It has been a third of a century since Baywatch first hit the airwaves, and on streaming it is back, remastered and as bright and glossy as ever.
The show was unpretentious, light entertainment, and absolutely unashamed of the fact—indeed, made the most of it in a manner not unique to it (one finds that even action shows like this one, the original Magnum or MacGyver for instance, tended in the same direction), but arguably more successfully than its contemporaries. Helpful here was the setting and its associated imagery--the sun, the sand, the surf, and of course, the Baywatch beauties, every bit of it redolent with the mystique southern California had not yet begun to lose, and all of it shot in that glorious music video-style that the makers of television for the small screen were just then mastering as the makers of film for the big screen had before them. Helpful, too, was the fact that if the show did not wholly shut out reality (indeed, shut it out rather less than a good deal of "serious" drama praised to the skies by the critics) it rarely got gritty or brutal, and made the viewer feel that the characters inhabited a world where yanking Darwin Award aspirants out of the water was the biggest problem with which the world had to contend, and being a lifeguard on the beach accordingly the most important job in that world--a situation that, I think, most of us would regard as a vast improvement over the polycrisis-ridden world in which we had even then been living for as long as anyone could remember.

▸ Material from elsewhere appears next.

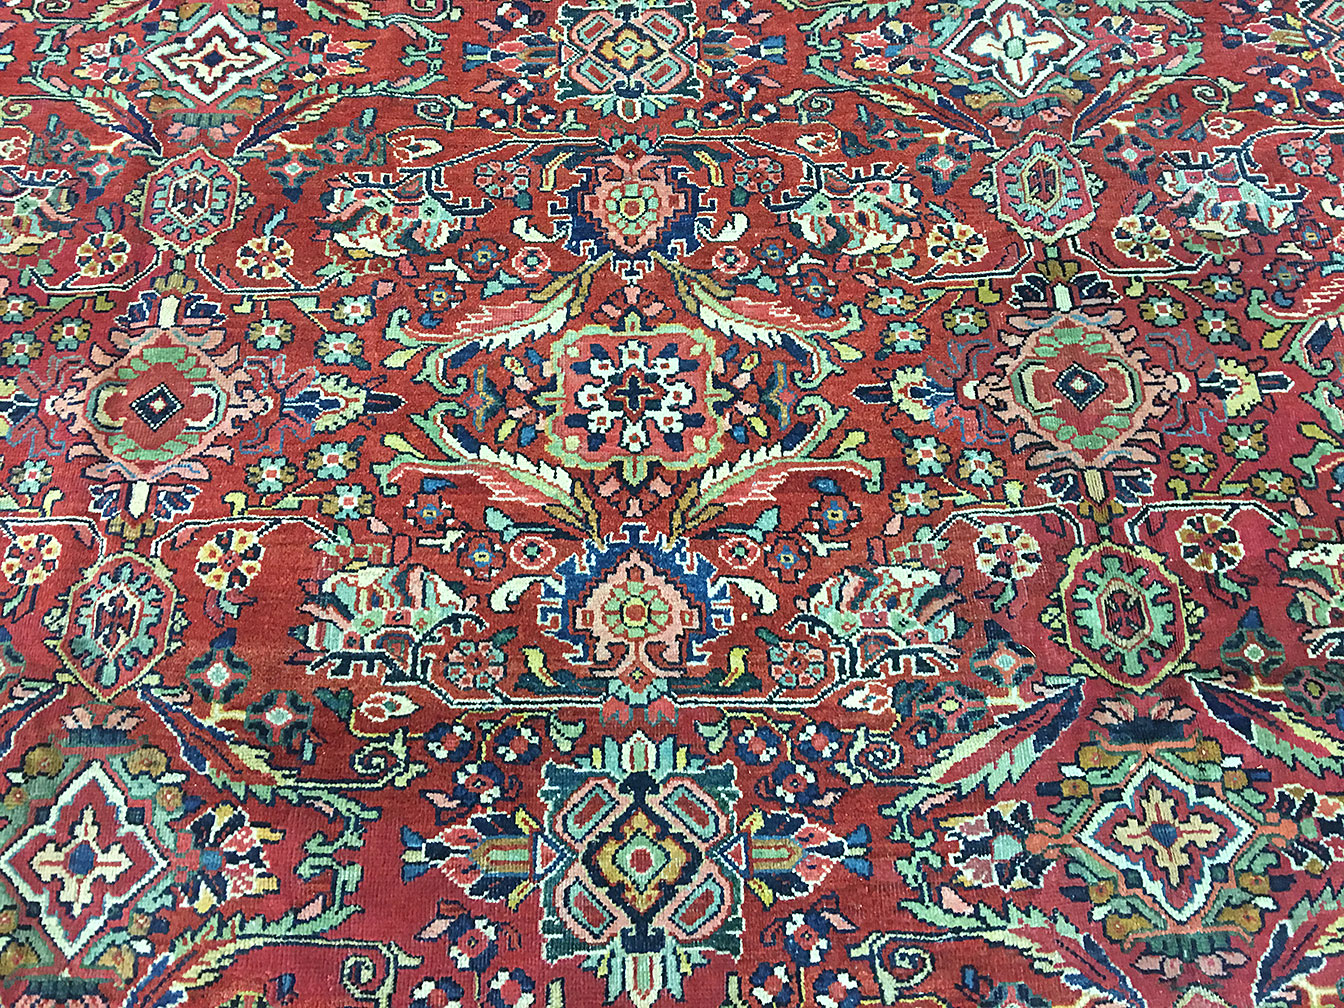 Antique mahal Carpet - # 52480

It was a winning combination--according to the legend, at any rate, getting well over a billion regular viewers globally at its height, making it the most-watched show in history--a title no show would seem likely to claim from it in this crowded and fragmented media universe, the more in as the strategy for surviving in the ever-more brutal attention economy seems to be to aim for intense appeal at the expense of wide; and much of what made this show such a hit now so unfashionable as to be virtually impossible (and in cases, unlikely even to be tolerated were it attempted).
Still, the fact that it isn't quite like anything they make now is the more reason for its lingering in the public consciousness the way it has, its stars still pop cultural icons. Thus did I find when looking at a list of the 500 most searched-for keywords that, a generation after her departure from the show, Pamela Anderson is on that list (at #435), making her still one of the most searched-for celebrities in the world. Meanwhile, one of the very few ahead of her is her fellow Baywatch alum, Carmen Electra--at #87, putting her behind only Kim Kardashian!
Looking over her list of credits there can be no doubt about which of them contributed most to that standing.